Parts of this sculpture, like bits of several others in this series, are composed from remnants of wood I have saved over the years. For instance, the twelve ships were cut from a thin, round slab of plum wood, that in fact looked like a pie (hence each ship for each of the twelve crews is itself "a piece of the pie"), salvaged from a neighbor's plum tree in San Diego. Sometimes I will see a piece of wood I simply like, and without yet knowing what it might become, I tuck it away for later….

Cicones ambush the Greeks whose 12 ships list on the shore

Similarly the upturned broken and unfinished "bowl" becomes the enclosure and slope in this sculpture. It was on its way to becoming a bowl, but it developed a fatal crack and a piece fell out while the wood was still rough ---- just enough so that when inverted, it would allow an entryway with a natural edge to the Cicones' imagined stronghold, and with holes that I carefully drilled at the drill press, it provided "rooting ground" for the Cicones' spears! The twelve sectors of the plum piece that forms the fleet of Odysseus on the shore, here are marked with squares within representing the empty places of the six sailors lost from each ship after the skirmish with the Cicones.

Temple of Apollo

The temple of Apollo, of ivory- or marble-colored holly wood, is a product of our little forest yard here on Whidbey. I imagine that temple as the place where the priest Maros is rescued and where he presents Odysseus with the wine that Odysseus will use, unmixed, to inebriate the Cyclops – and so the story leapfrogs from one episode to another, the wine from one event an element in the next – as Homer links episodes with such delicious detail.

The roof of the temple of Apollo is refashioned from a remnant from a holly turning my husband was working on. In fact, several bits of these sculptures are created from discards from his lathe projects, errors or unanticipated wood fractures which render some piece he is working on unsuitable for turning or in some other way unworkable.
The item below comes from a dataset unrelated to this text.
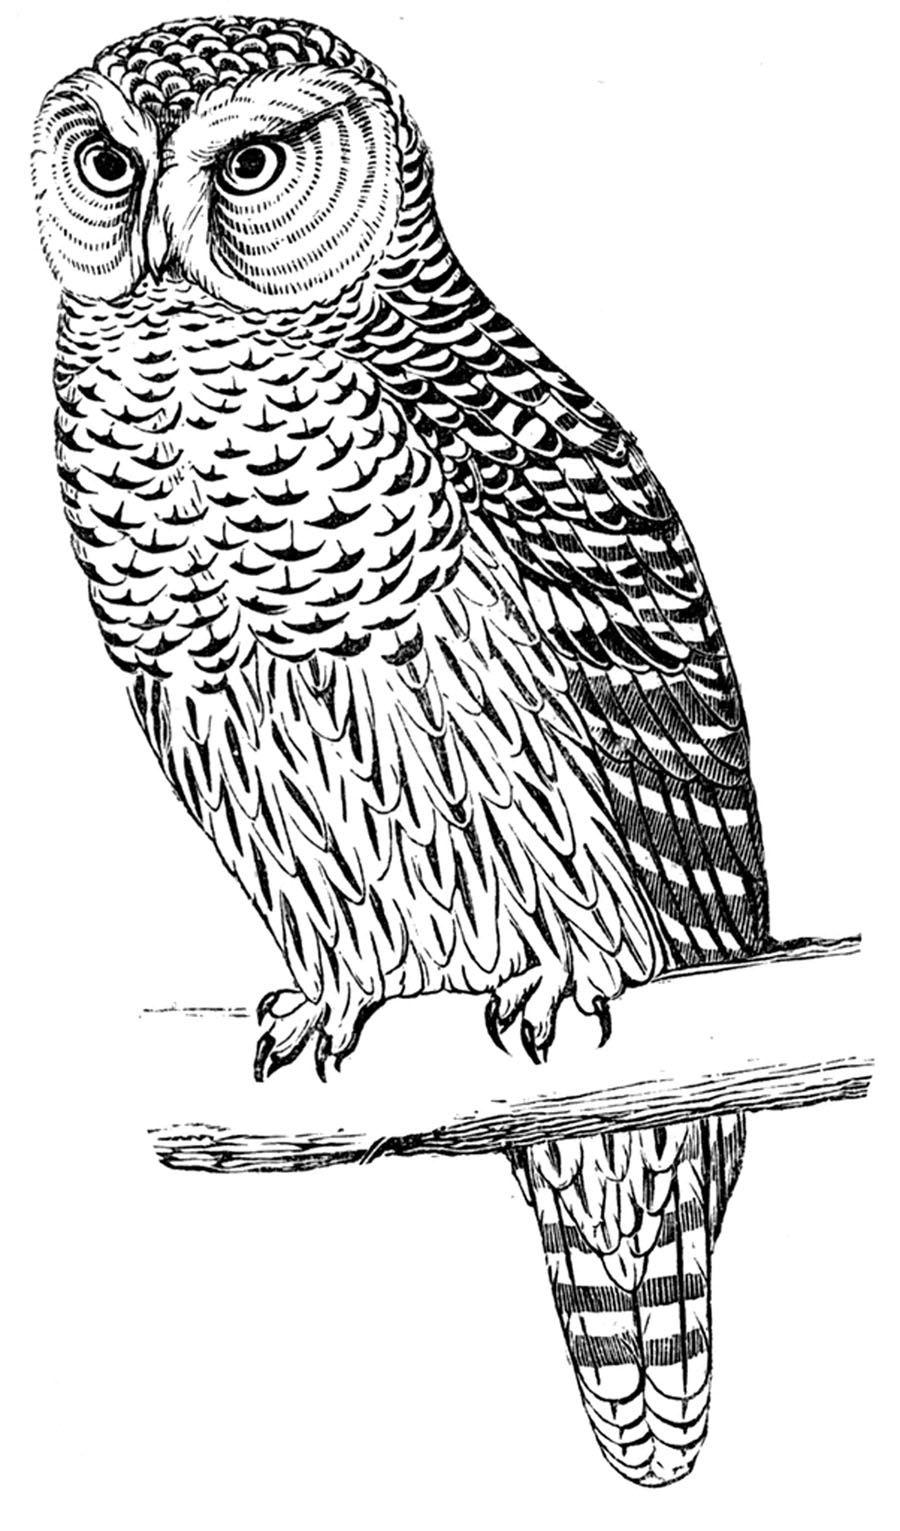 Free Digital Stamp Owl Image Digital stamps, Owl, Stamp
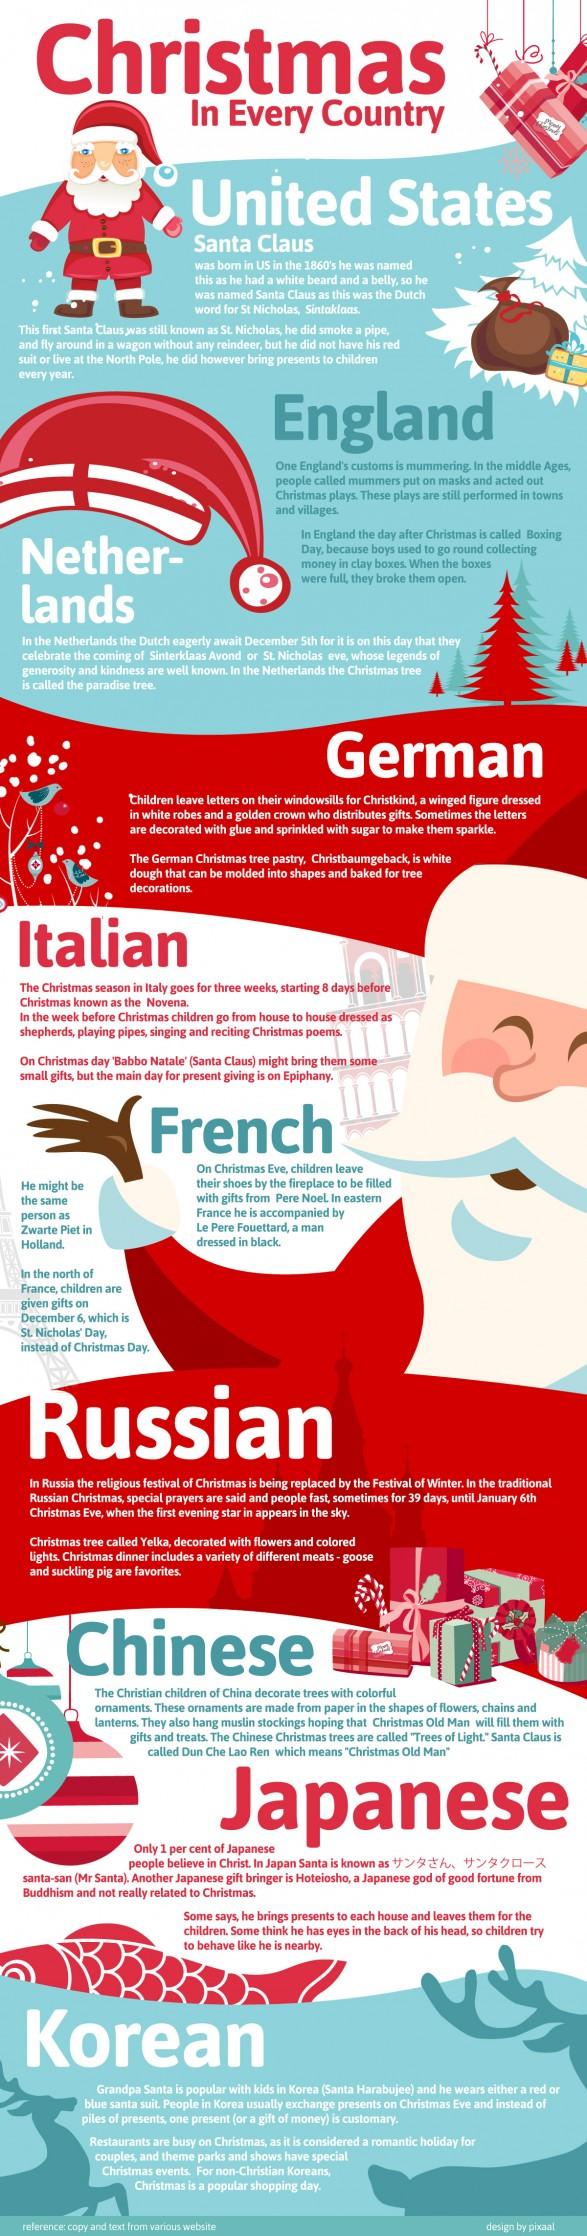 51 funny christmas themed

Or sometimes a piece my husband has turned on the lathe will become too thin, or will fly off the lathe and break, or split in process. Then, for instance, the cup-top of a delicate goblet my husband has turned, with a stem so thin it could not hold up  -- becomes, on repurposing, a hut for the daughters of Helios (sculpture #11), or the bedroom of the princess Nausicaa (sculpture #13).

So some of the sculptures could be seen as sharing aspects with another series of my sculptures, the Tikkun Olam series, based on the notion of the broken, repaired. When the lathe work turns disastrous and some woodturning my husband is working on is suddenly destroyed, I first commiserate the loss of what he imagined for that wood becoming: "Oh, I'm so sorry! That's too bad!" And I really mean it !  – But then, either before or even after he has tossed it on the burn pile (not yet lit!), I think --- now what else could that be? Occasionally I will ask him to turn a particular form, like the columns of Apollo's temple in this sculpture, but often I take rough discards, like the cone on the top of the temple, refashion them into something my own imagination calls for, carve, rasp, and sand them until they are just what I want, then finish them with oil or varnish, depending on the lustre I want, set them in place, and wait to see if that place is the "right place" before gluing the complex puzzle together.

Some couples play golf, tennis, or bridge together. My husband and I hang out in the garage-studio, fragrant with wood chips from all sorts of trees, with a few cool tools at arm's length, and as many grades of sandpaper as are made. For hours at a time, he at the lathe on his side of the garage, and I at my carving table on the other side, we engage in parallel play, with mutual respect, each of us working separately, yet together, on creative projects that use us both well!